L’évangile de Luc a gardé pour nous un épisode singulier, le seul que nous connaissons par rapport à la vie de Jésus dans sa famille après sa plus tendre enfance. A l’âge de douze ans, pendant le pèlerinage annuel que sa famille fait à Jérusalem pour la fête de Pâques, à l’insu de ses parents Jésus reste dans le temple discuter avec les docteurs de la loi, extasiés pour son intelligence et ses réponses.

Le sentiment de merveille empreignant cet événement, tout focalisé sur la personne de l’enfant Jésus, est amplifié davantage quand l’évangéliste nous fait observer la scène par les yeux de ses parents, qui le retrouvent au troisième jour de leur recherche anxieuse: «Sa mère lui dit: « Mon enfant, pourquoi nous as-tu fait cela? Vois comme ton père et moi, nous avons souffert en te cherchant! » Il leur dit: « Comment se fait-il que vous m’ayez cherché? Ne saviez-vous pas qu’il me faut être chez mon Père? » Mais ils ne comprirent pas ce qu’il leur disait».

En effet, c’est juste le regard de Marie et de Joseph qui nous permet de mieux comprendre la valence de cet épisode. Il permet à ses parents – et, à travers eux, à tous les lecteurs du texte – d’élaborer dans leurs cœurs un processus de croissance dans la compréhension de l’identité et de la mission de Jésus. Bien que Marie, dès le moment de l’annonciation, connaissait par révélation l’identité divine de son enfant, c’est par l’expérience de sa vie avec Jésus qu’elle et Joseph avaient à comprendre davantage son mystère et à s’y conformer pas-à-pas. Ils le savaient bien: l’identité de leur enfant était un don à accueillir, protéger et soigner respectueusement, pas un bien à maîtriser ou façonner selon leur volonté.

Cet épisode de l’évangile appelle tous les parents et toutes les sociétés à regarder leurs enfants, en quelque sorte, avec les mêmes yeux de Marie et de Joseph. Regarder les enfants comme un don divin qui porte en soi un mystère originaire, qui précède les projets de leurs parents et de leurs milieux de vie. Les enfants ne sont pas seulement ce que les adultes veulent qu’ils soient. Toute personne vivante porte en soi une identité et une dignité constitutives, qui ne découlent pas seulement de la somme de tous les apports naturels, culturels et environnementaux qu’elle a reçus. Chaque enfant, chaque personne, n’est pas un individu produit en série, mais un mystère qu’il faut apprendre à accueillir et soigner cas par cas. Aider les enfants à découvrir et vivre leur identité et leurs talents, voici l’un des aspects principaux de la mission des parents.

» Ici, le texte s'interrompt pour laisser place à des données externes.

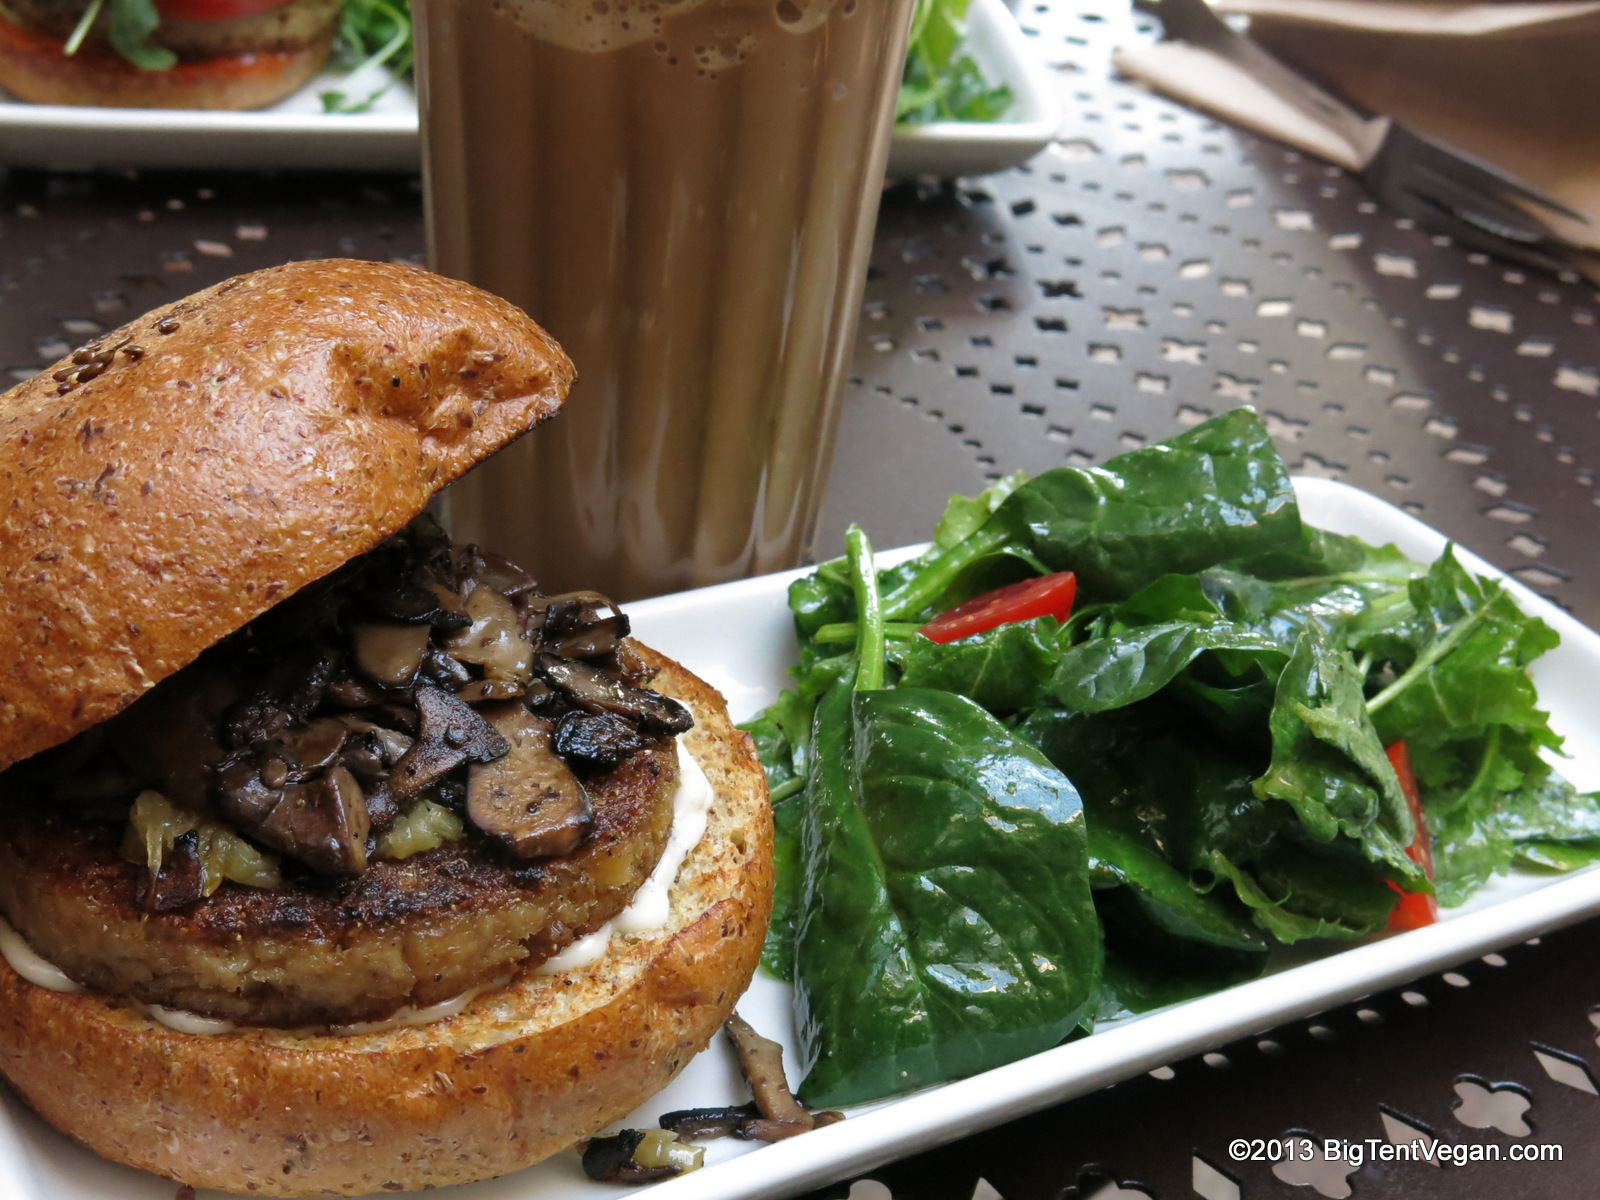 Truffle Burger with caramelized onions, sautéed mushrooms, and truffle aioli

Tout cela ne signifie pas, bien sûr, que les parents n’aient aucun choix sur les critères de la formation et sur la direction de la vie de leurs enfants. Leur mission les appelle plutôt à s’assumer la responsabilité de témoigner aux enfants les valeurs, les vertus, la sagesse de la vie, selon leur conscience. Les parents chrétiens, en particulier, peuvent comprendre que transmettre leur foi et leur vision de la vie aux enfants n’est pas en effet une constriction, mais un don à offrir, le plus grand désir de bien à leur donner. Oui, les enfants feront leur choix de vie, mais si la foi fait partie de l’identité des parents, elle ne peut pas être cachée aux enfants au nom d’une fausse idée de leur liberté de choix. C’est la transmission de la foi elle-même qui garantit la véritable liberté, car elle met les enfants dans la condition de connaître et de vivre le don du Seigneur, et de se disposer à lui de façon consciente.

Marie et Joseph, devant le mystère qui se manifestait devant la vie de Jésus, ont continué à le découvrir respectueusement et à en prendre soin d’une façon responsable, active. Demandons leur intercession sur tous les parents, afin qu’ils sachent reconnaître toujours, même dans les difficultés et dans les épreuves, la dignité personnelle de leurs enfants et leur offrir une formation riche d’amour, de vérité et de sagesse!